• [RECORD SET]

---

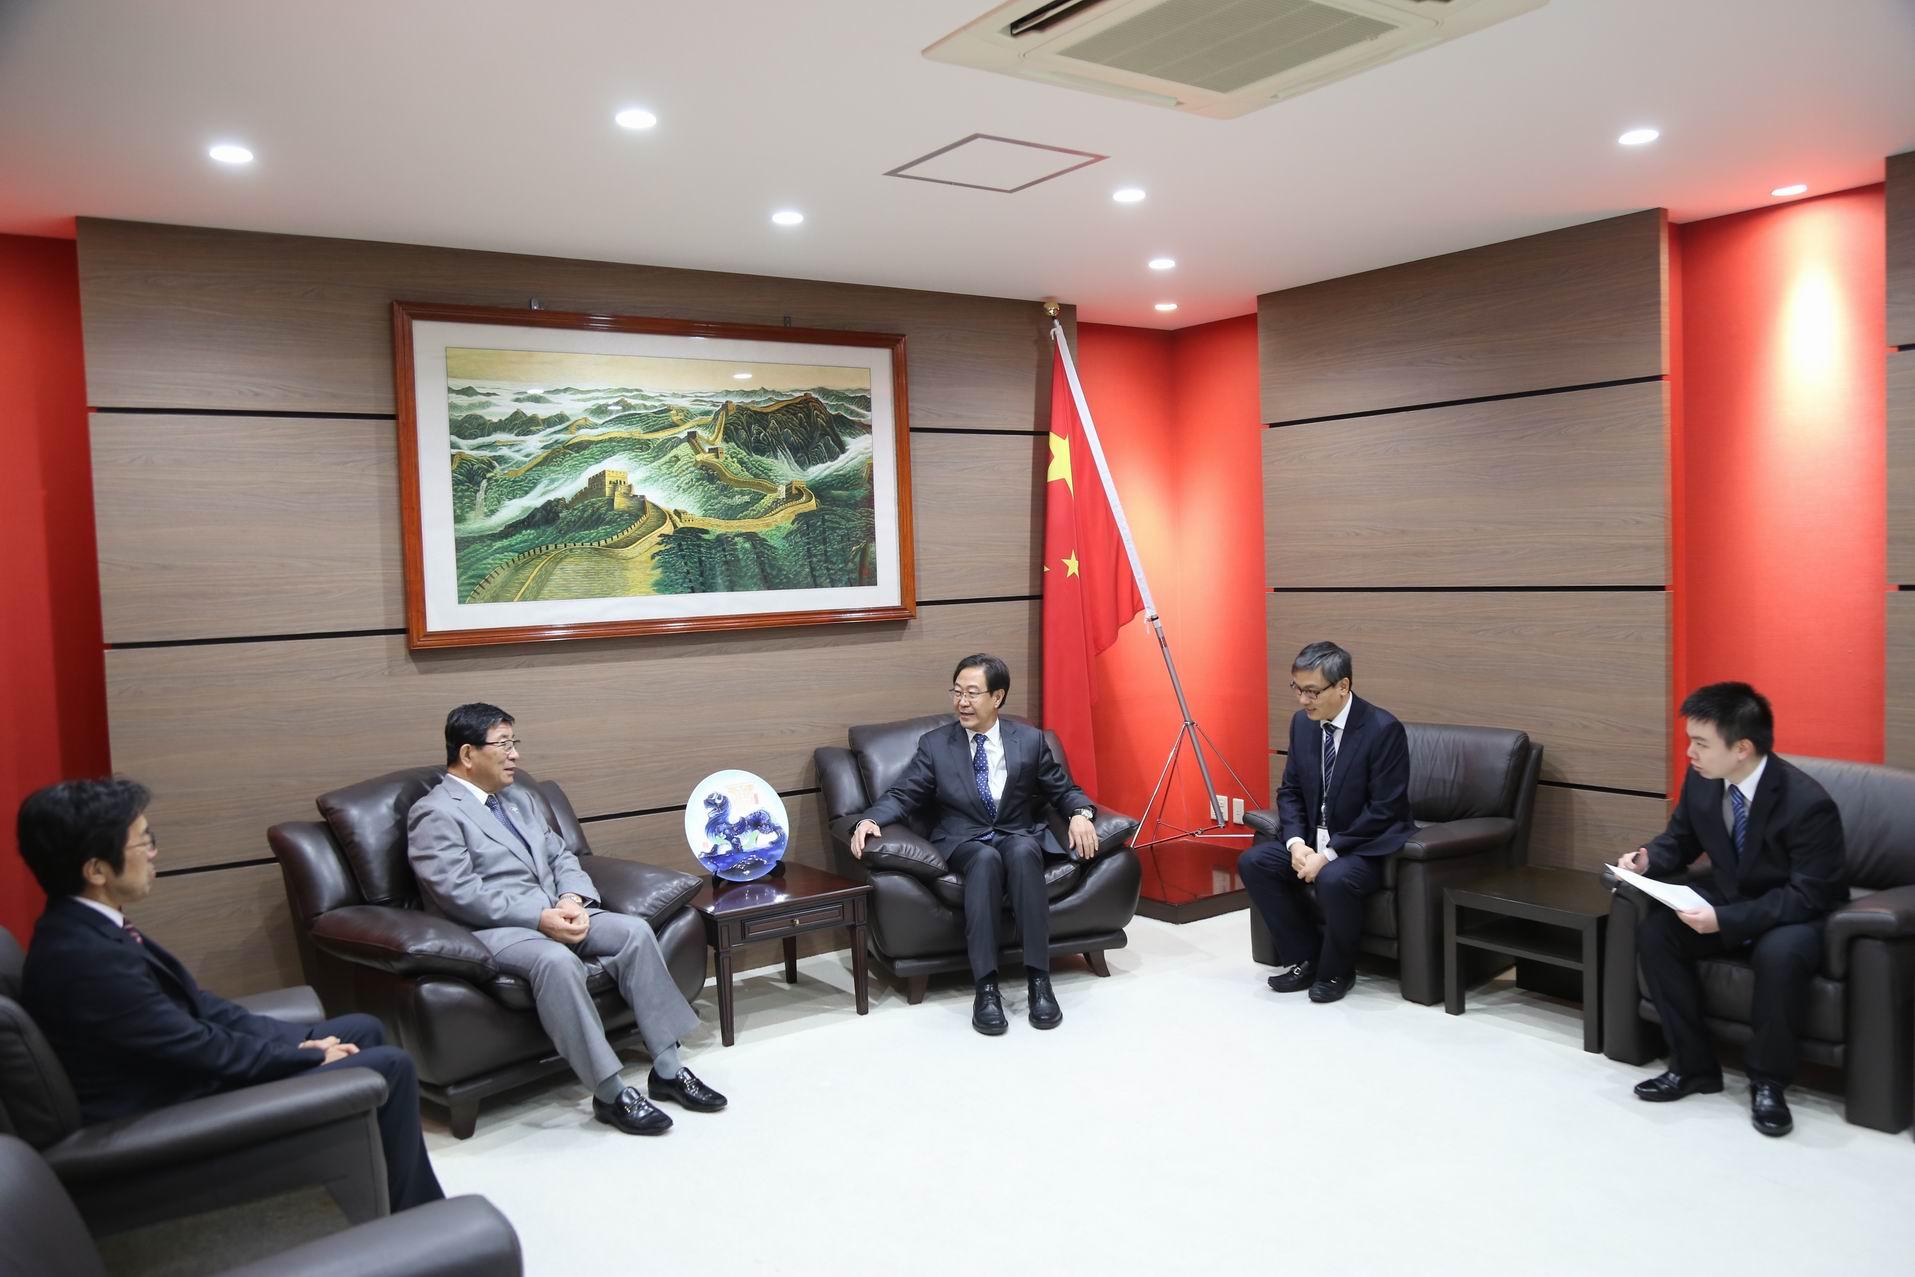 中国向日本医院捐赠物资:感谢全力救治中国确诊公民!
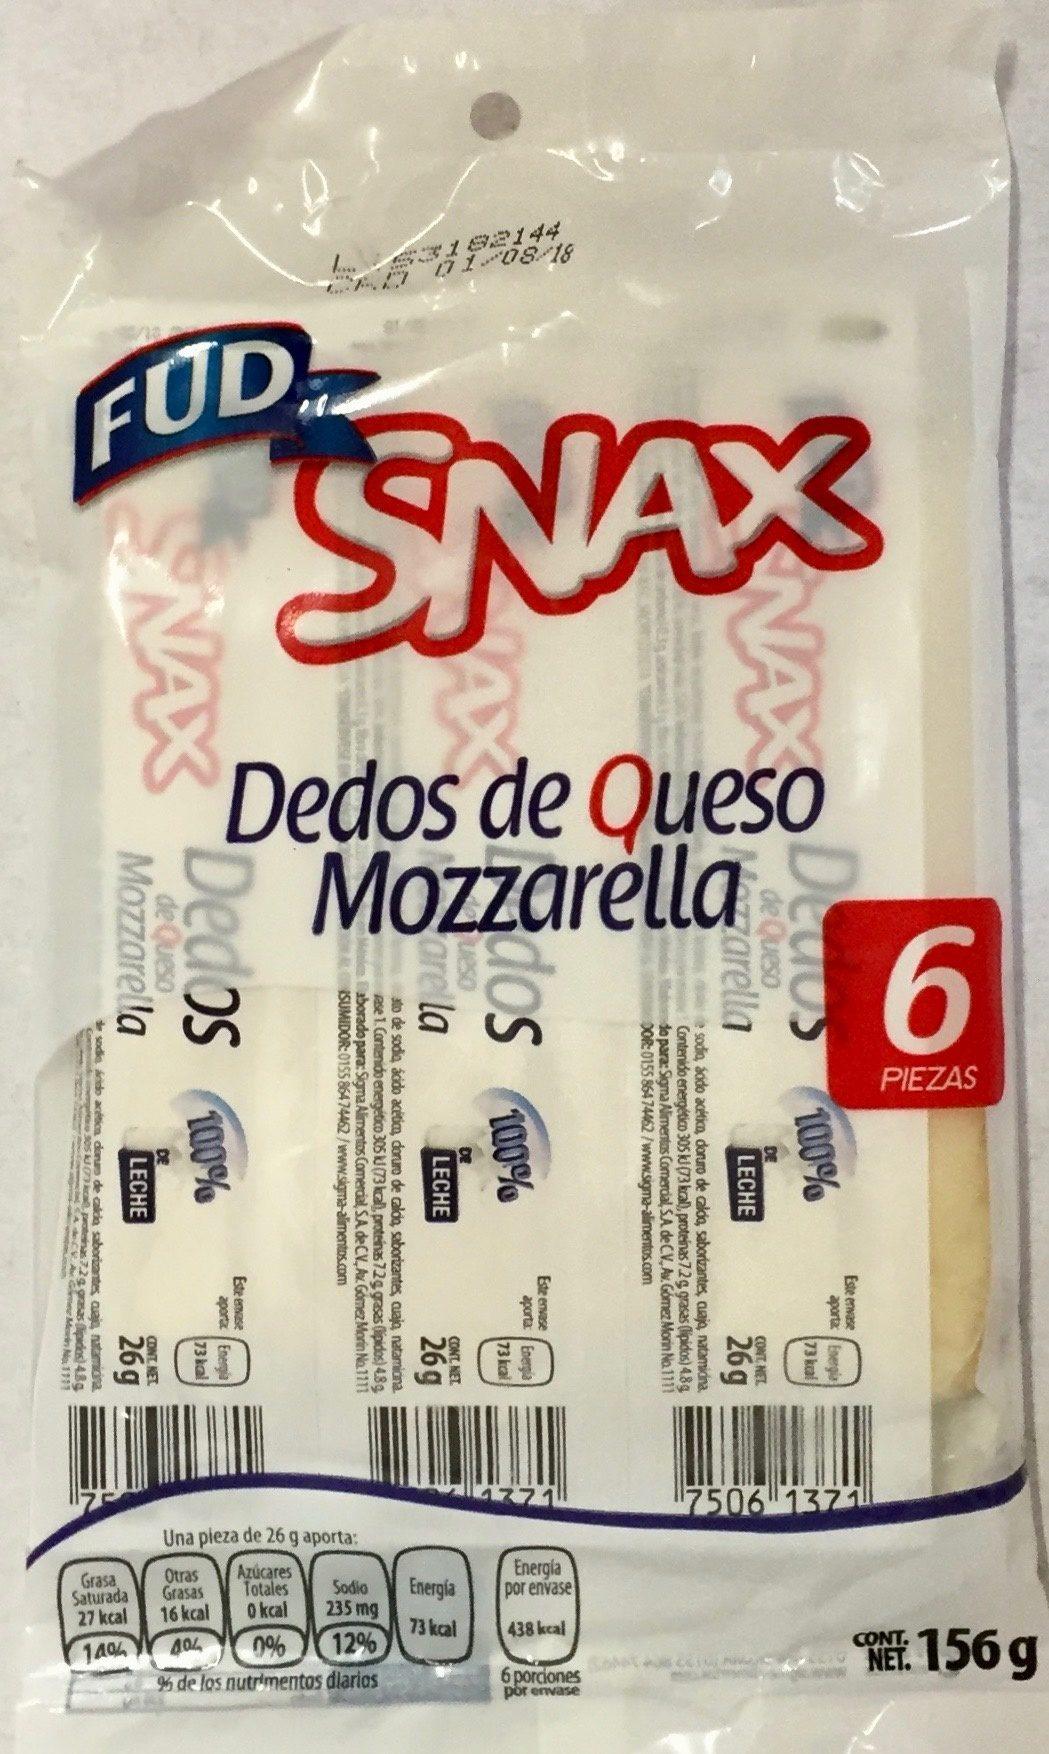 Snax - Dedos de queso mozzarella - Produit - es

---

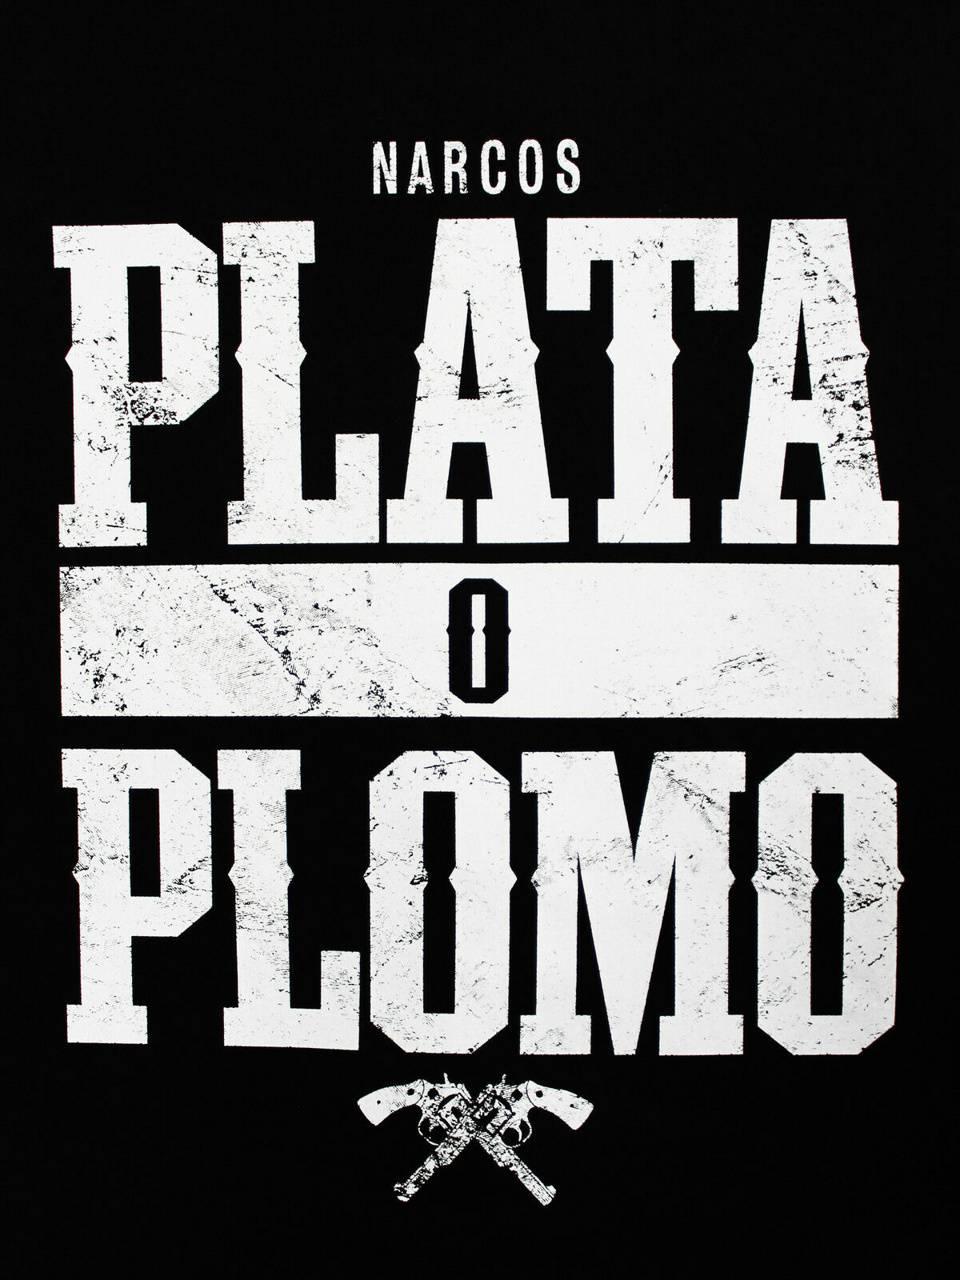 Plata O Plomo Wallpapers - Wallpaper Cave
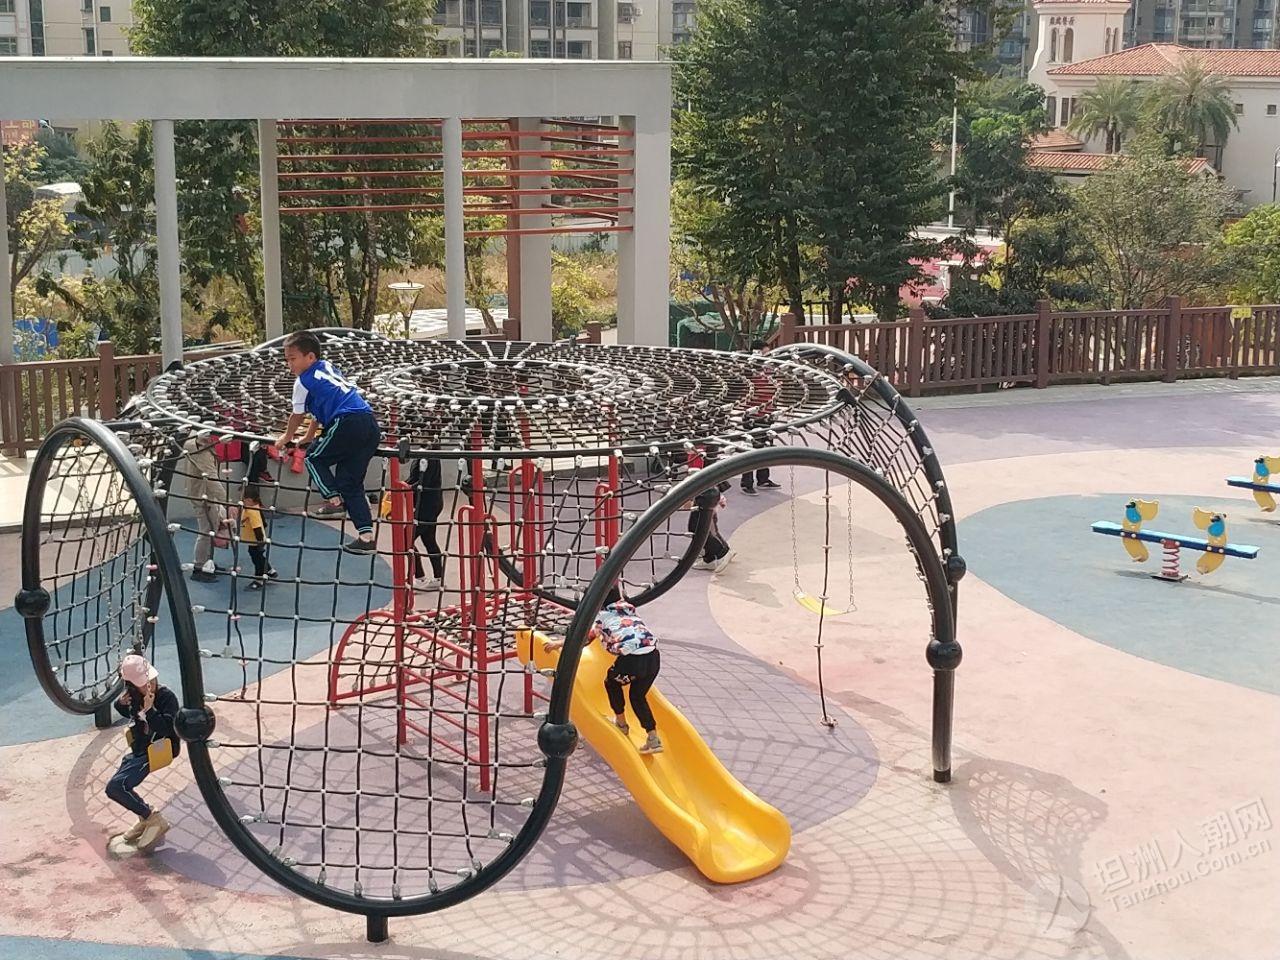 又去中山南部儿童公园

---

Text only, no pictures: please print exactly the lines above from the line with "中国向日本医院捐赠物资:感谢全力救治中国确诊公民!" up to and including the line with "Snax - Dedos", and nothing else.

• [SOLUTION TO THE EXERCISE]
 中国向日本医院捐赠物资:感谢全力救治中国确诊公民!
 Snax - Dedos de queso mozzarella - Produit - es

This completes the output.